Unusual function names and argument orders
In most languages that are somewhat functional there is a map
command, which
takes a function and a container and maps that to a new container.
Mathematically we could write
$$\text{map} \colon (X \to Y) \times { X } \to { Y } \,.$$
In Haskell the signature of the function indeed is this:
map :: (a -> b) -> [a] -> [b]
In the Wolfram Language their Map also works the same way: function as the first argument, container as the second argument. Also in Python the map takes the function and then the iterable. Okay, C++ has std::transform, which takes a pair of input iterators, an output iterator and _then the transformation. But that is so weird to use that it does not really count in this comparison.
And then you have R which does not call it "map" but lapply
. And to make it
worse the argument order is different, so it takes the list _first and the
function _second. This is so irritating when I work on my projection
consisting of both Wolfram Language and R code that I routinely stumble across
this. The mapply
function takes the function as a first argument, and the
apply
function takes the function as the last argument. You can't make this
stuff up, except maybe if you are used to PHP.
Inclusive range
In Python and C++ the ranges to access sequences are inclusive at the beginning
and exclusive at the end. Also indices start from zero, but that is not so
important. If you in Python take seq[4:6]
, you get the elements with indices
4 and 5, but not 6. In R you would also get the element with index 6. Python's
range
function will also not give you the last element, so this matches
nicely.
I needed to traverse the upper triangle of a matrix. So I did this in R:
for (row in 1:size) { for (col in (row + 1):size) { i1 <- (row - 1) * size + col i2 <- (col - 1) * size + row # … }
}
The size
is the number of rows and columns in the square matrix. If size
is
3, then 1:size
is 1:3
and that is the sequence 1, 2, 3. But when row
has
the last value, 3, this gives a problem in the next line. We have
(row + 1):size
, which evaluates to 4:3
. In Python the range(11, 10)
would
just give an empty sequence. But in R it gives 4, 3!. That means that we access
elements that should not be there in the first place.
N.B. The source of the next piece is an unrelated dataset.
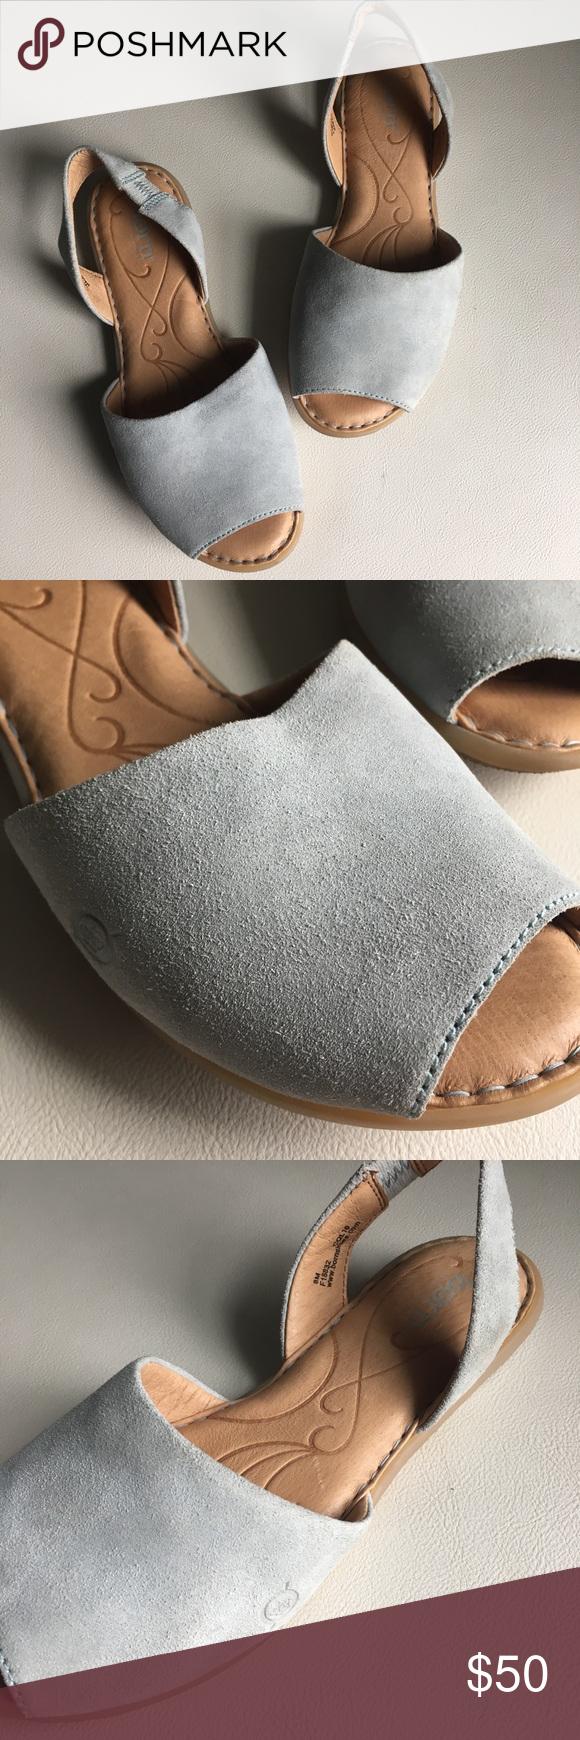 Peep toe sandals, Genuine suede

We therefore need to fix the first row such that we stop one element earlier.
for (row in 1:(size - 1)) { for (col in (row + 1):size) { i1 <- (row - 1) * size + col i2 <- (col - 1) * size + row # … }
}
This fixes that issue, but we now have a problem if size
is just 1. Then
row
will be in the sequence 1, 0, which will get incorrect indices as well.
Therefore one needs another fix here.
if (size > 1) { for (row in 1:(size - 1)) { for (col in (row + 1):size) { i1 <- (row - 1) * size + col i2 <- (col - 1) * size + row # … } }
}
So although the inclusive indexing in R is supposed to make it easier for people to think about ranges, it leads to more cumbersome code than it would in C++ or Python.